Search over permutations

Another way of thinking of this problem is as a search problem, for example seeking to find the order of points that minimizes the 'travel' distance, ie the sum of distances between successive points.

With the original a ( A ), the distance (with default np.linalg.norm method) between successive points is

In [407]: np.linalg.norm(A[1:]-A[:-1],axis=1)
Out[407]: 
array([ 166.02710622,  165.        ,  164.00304875,  164.        ,
        165.00303028,  162.        ,  162.00308639,  162.        ,
        164.00304875])

and their sum:

In [408]: _.sum()
Out[408]: 1474.0393203904973

With the lexsort order

In [410]: np.linalg.norm(A1[1:]-A1[:-1],axis=1)
Out[410]: 
array([   4.47213595,    2.        ,    1.        ,    2.23606798,
        161.00310556,    1.        ,    4.24264069,    1.        ,
          4.12310563])
In [411]: _.sum()
Out[411]: 181.07705580534656

Clearly this has better clustering, mainly based on the 2nd column values.

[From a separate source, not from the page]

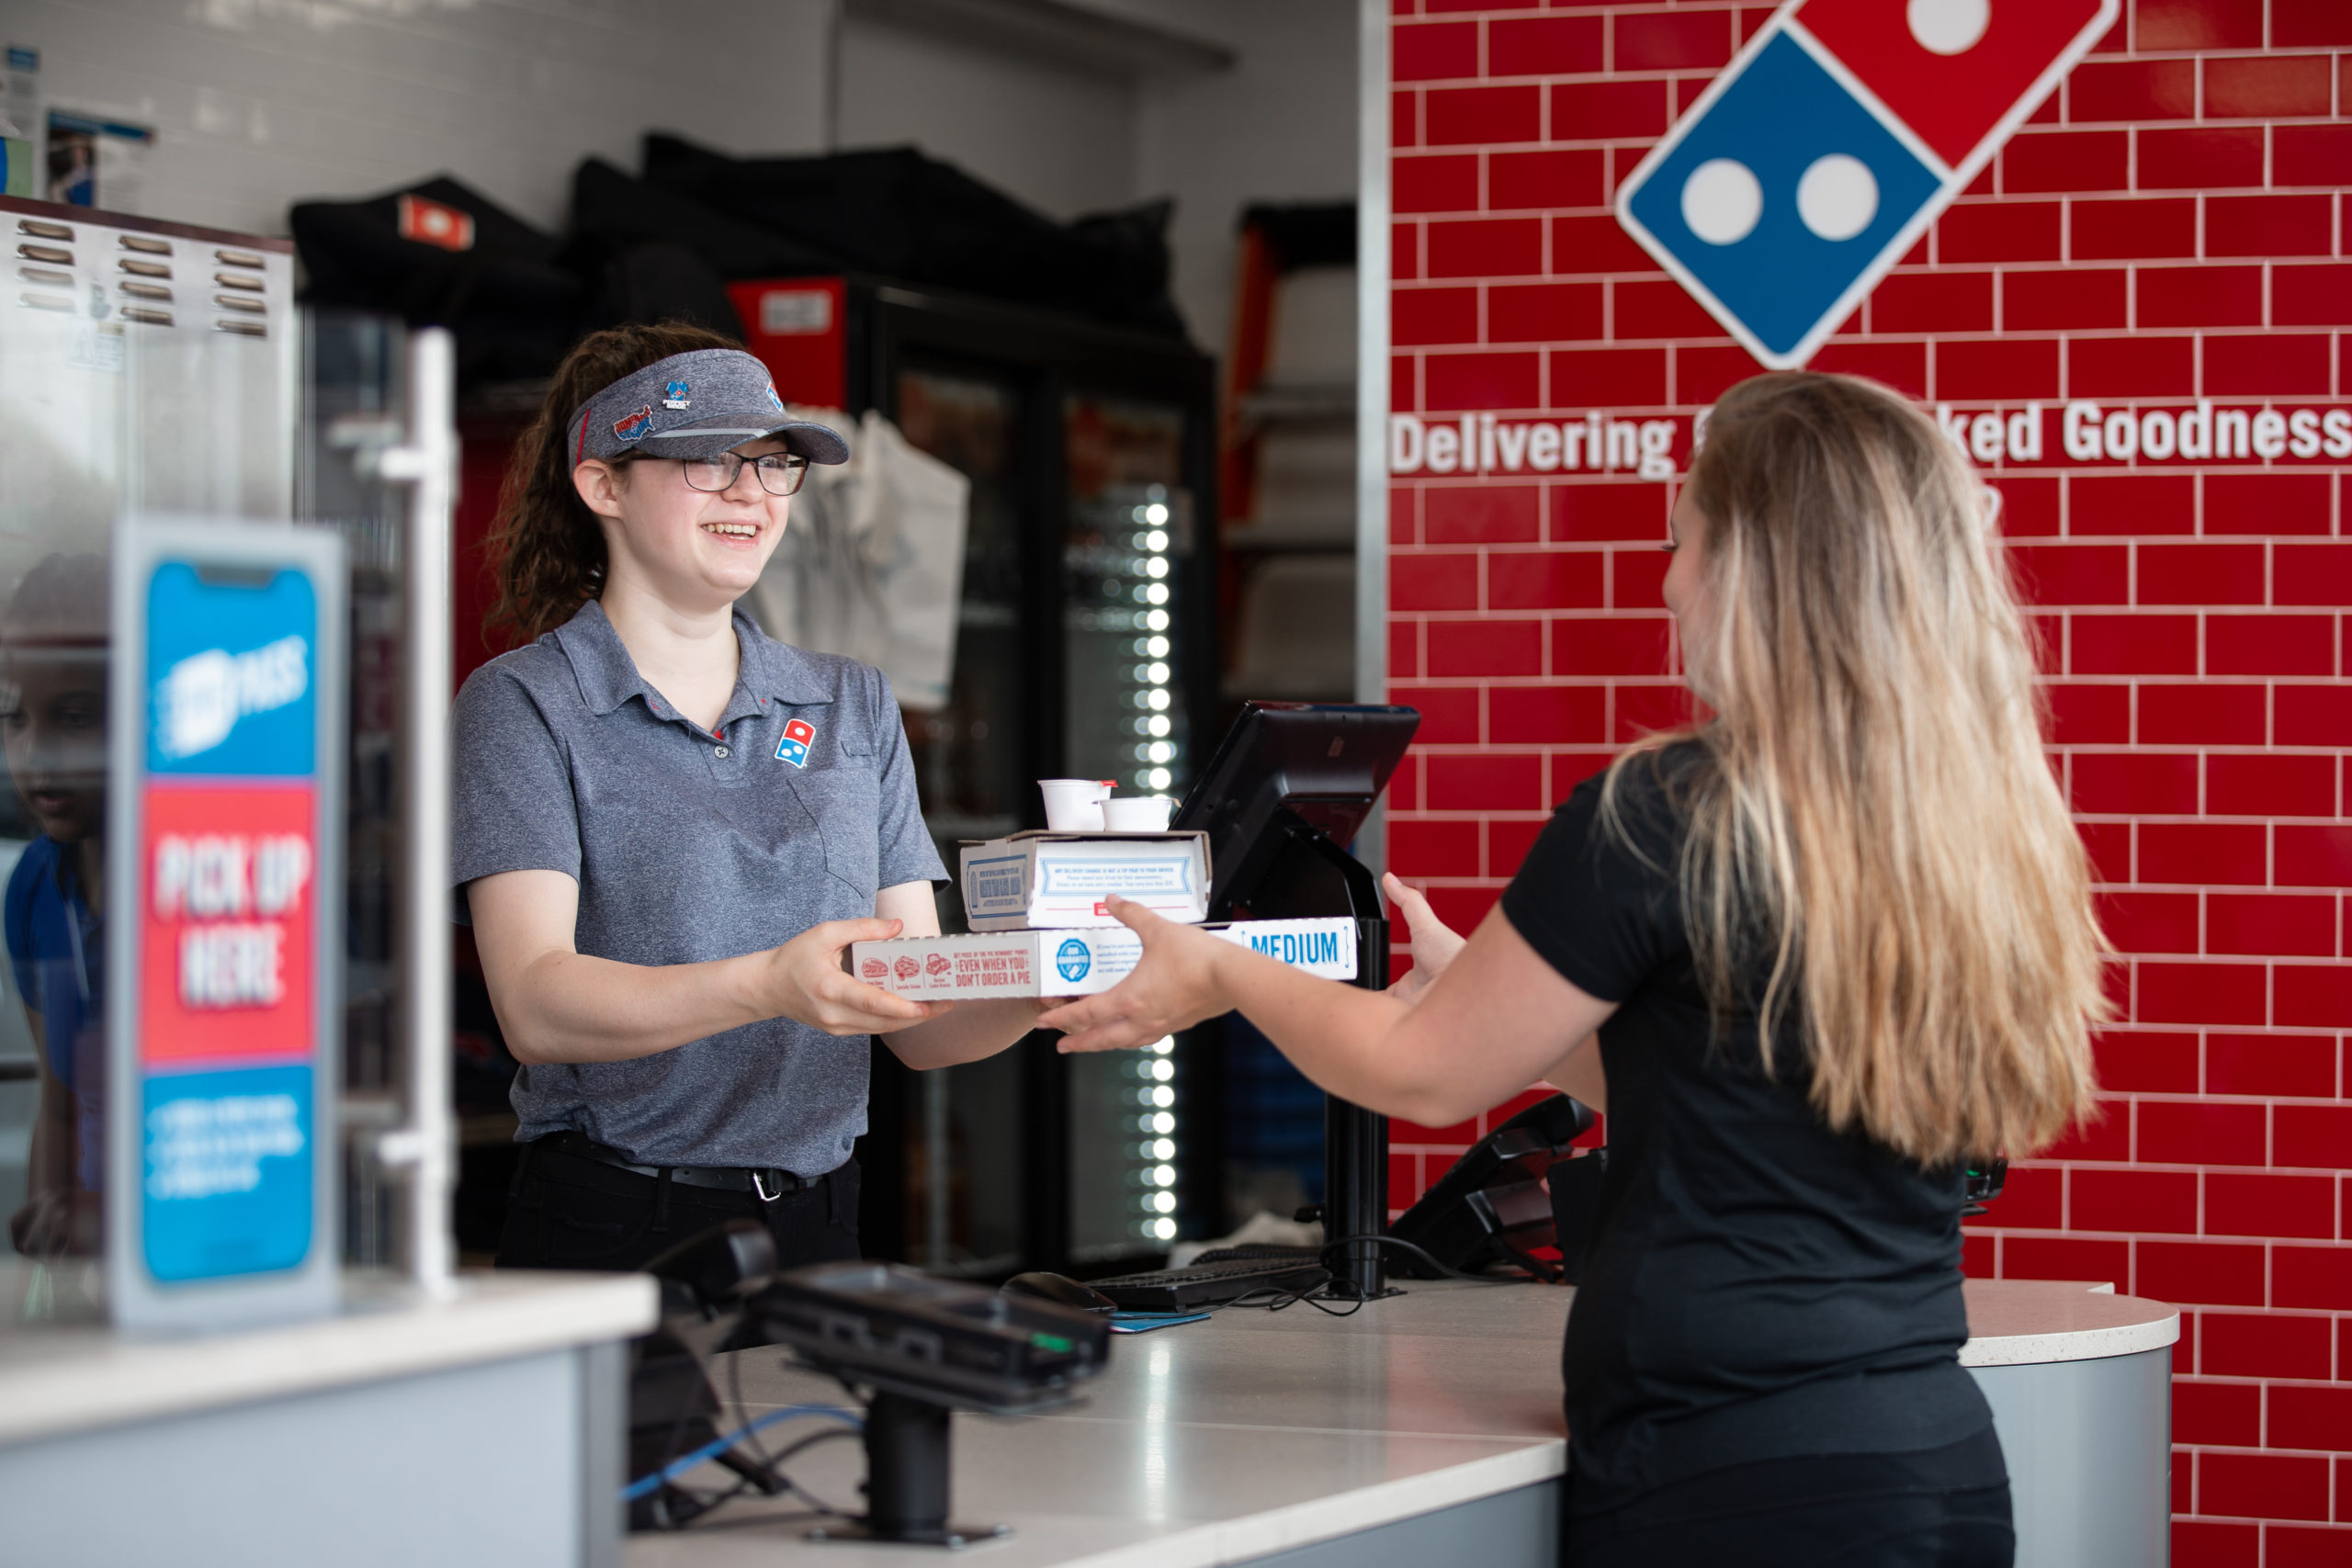 Domino’s Offers $3 &#8220;Tip&#8221; for Carryout Instead of Delivery   

Your sorted_a improves this sum a bit:

In [414]: sortedA = np.array(sorted_a)
In [415]: np.linalg.norm(sortedA[1:]-sortedA[:-1],axis=1)
Out[415]: 
array([   3.16227766,    4.12310563,    3.16227766,    1.        ,
        162.0277754 ,    1.41421356,    1.41421356,    1.        ,
          2.23606798])
In [416]: _.sum()
Out[416]: 179.53993144488973

A brute force solution is to try all the permutations, and pick the one that minimizes this sum.